Twine was originally created by Chris Klimas in 2009 and is now maintained by a whole bunch of people at several different repositories. 
That's intriguing -- its open source, don't need to write any code, simple stories possible -- but it doesn't tell a story about what Twine can do.

Happily and wonderfully, very compassionately -- yes, a compassionate look at software -- Laura Hudson offers a wonderful profile of Twine by profiling a game developer who creates emotionally powerful and compelling games, a woman named Porpentine.

Here are some excerpts from Hudson's piece, just as a sampler of what makes her writing so good.
A free program that you can learn in one sitting, Twine also allows you to instantly publish your game so that anyone with a web browser can access it. The egalitarian ease of Twine has made it particularly popular among people who have never written a line of code — people who might not even consider themselves video-game fans, let alone developers.  
Chris Klimas, the web developer who created Twine as an open-source tool in 2009, points out that games made on it “provide experiences that graphical games would struggle to portray, in the same way books can offer vastly different experiences than movies do. It’s easy to tell a personal story with words.” 

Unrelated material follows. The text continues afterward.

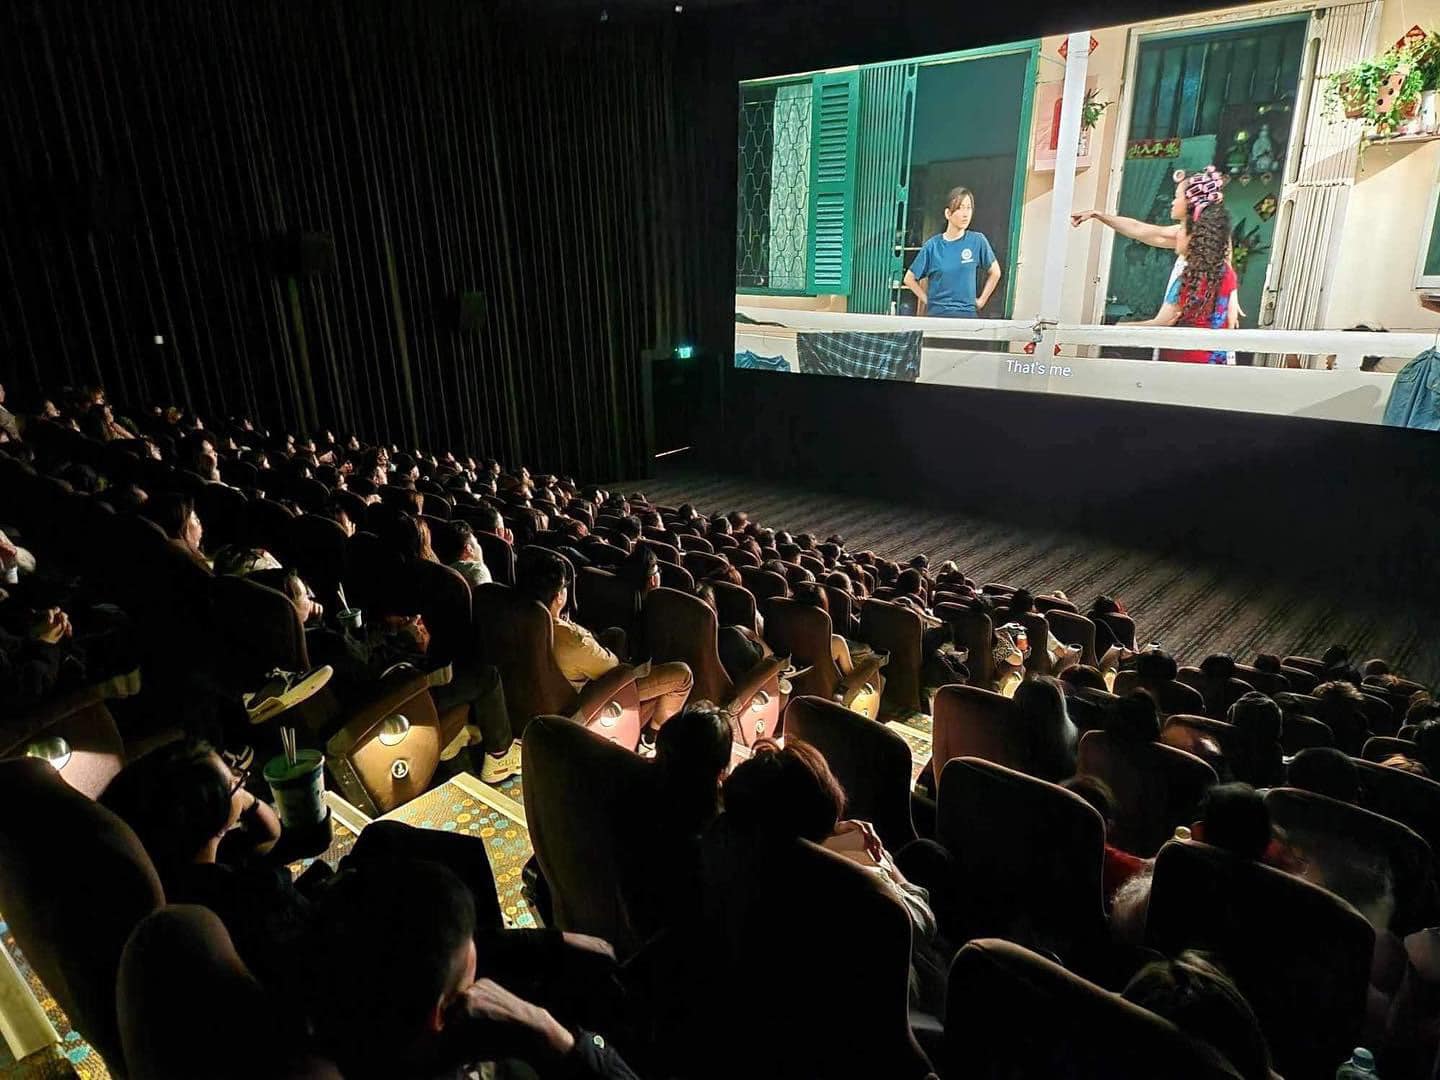 310 tỷ đồng sau 9 ngày chiếu, phim "Mai" trở thành phim Việt bán vé nhanh nhất lịch sử?- Ảnh 2.

Twine games look and feel profoundly different from other games, not just because they’re made with different tools but also because they’re made by different people — including people who don’t have any calcified notions about what video games are supposed to be or how they’re supposed to work. While roughly 75 percent of developers at traditional video-game companies are male, many of the most prominent Twine developers are women, making games whose purpose is to explore personal perspectives and issues of identity, sexuality and trauma that mainstream games rarely touch on.
And on Porpentine:
One of the most prominent and critically acclaimed Twine games has been Howling Dogs, a haunting meditation about trauma and escapism produced in 2012 by a woman named Porpentine. The gameplay begins in a claustrophobic metal room bathed in fluorescent light. Although you can’t leave, you can “escape” once a day by donning a pair of virtual-­reality goggles. Each time, you’re launched into a strange and lavishly described new world where you play a different role: a doomed young empress learning the art of dying; a scribe trying to capture the beauty of a garden in words; a Joan of Arc-like figure waiting to be burned on a pyre. And each time you return to the metal room, it’s a little dirtier and a little more dilapidated — the world around you slowly decomposing as you try to disappear into a virtual one.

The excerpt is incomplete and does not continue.